# AIM OF THE TASK
All that is needed is the lines from the one containing "gamberetti e maccheroni" through the end of the listing, printed exactly, with no pictures among them.

# MATERIAL PROVIDED
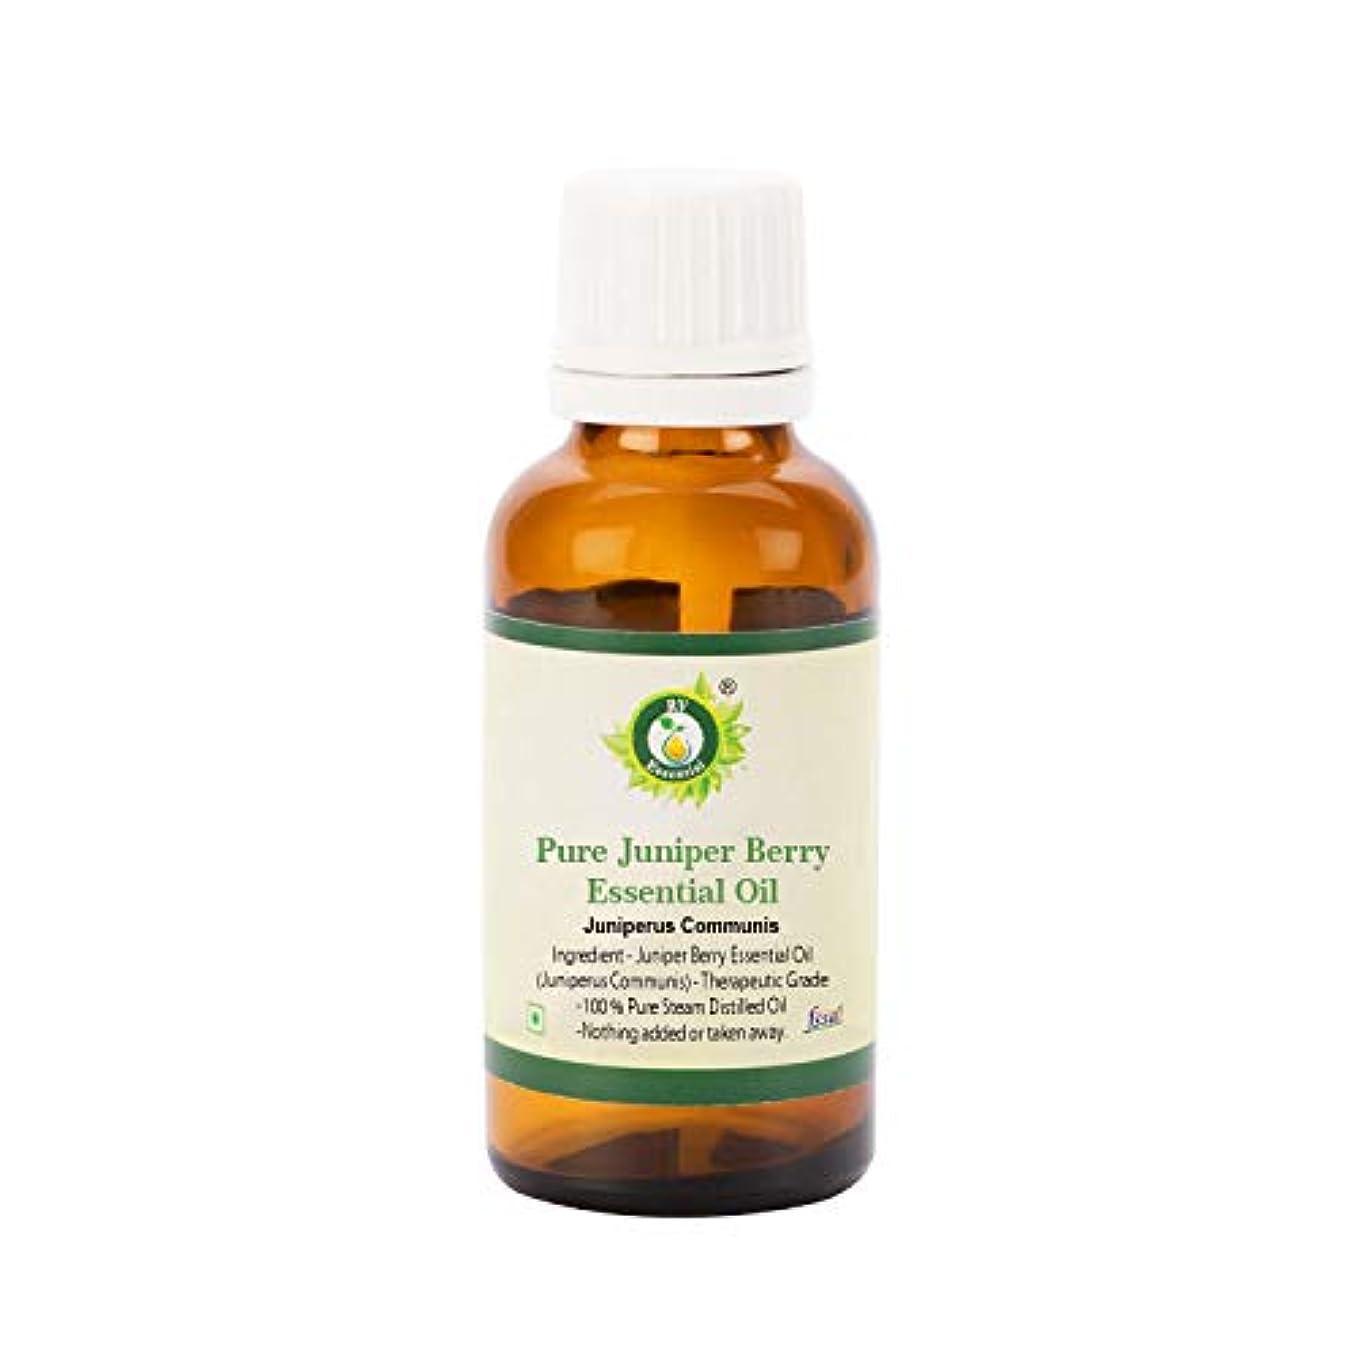 タイヤ魅了するむしろR V Essential ピュアジュニパーベリーエッセンシャルオイル100ml (3.38oz)- Juniperus Communis (100%純粋&天然スチームDistilled) Pure Juniper Berry...
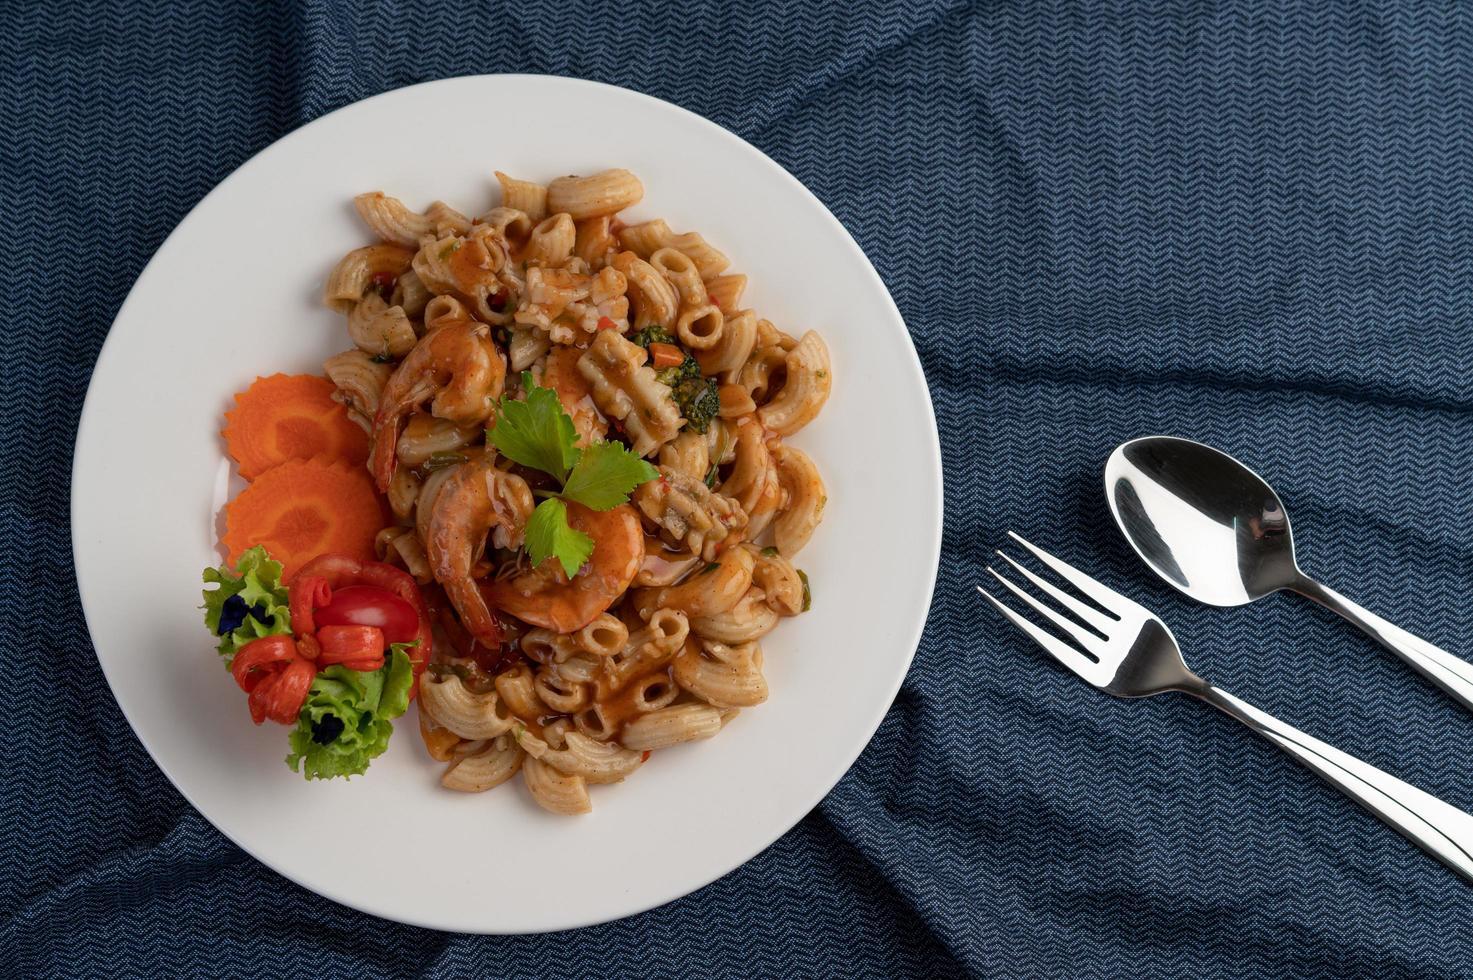 gamberetti e maccheroni con carote, pomodori e insalata foto
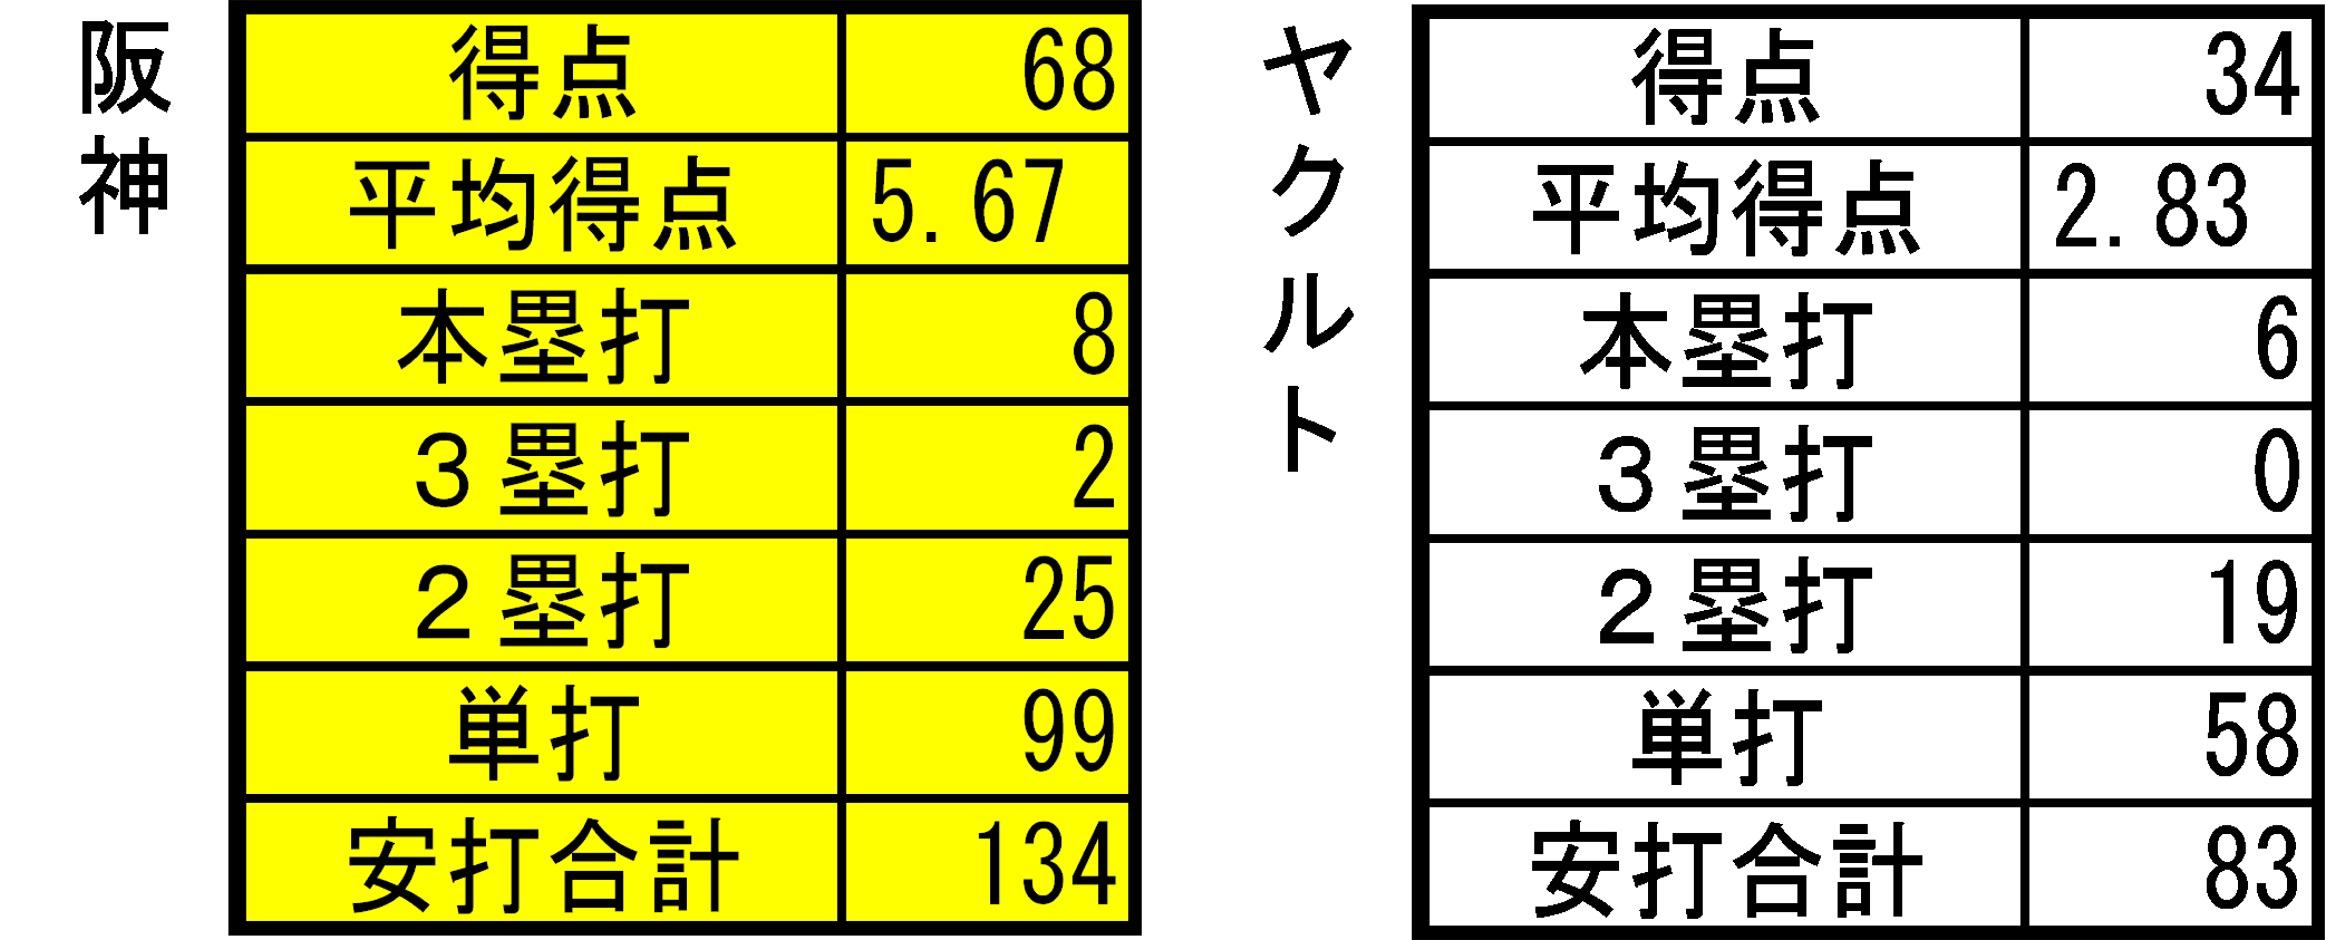 201305122145381f1.jpg

# EXERCISE ANSWER
 gamberetti e maccheroni con carote, pomodori e insalata foto
 201305122145381f1.jpg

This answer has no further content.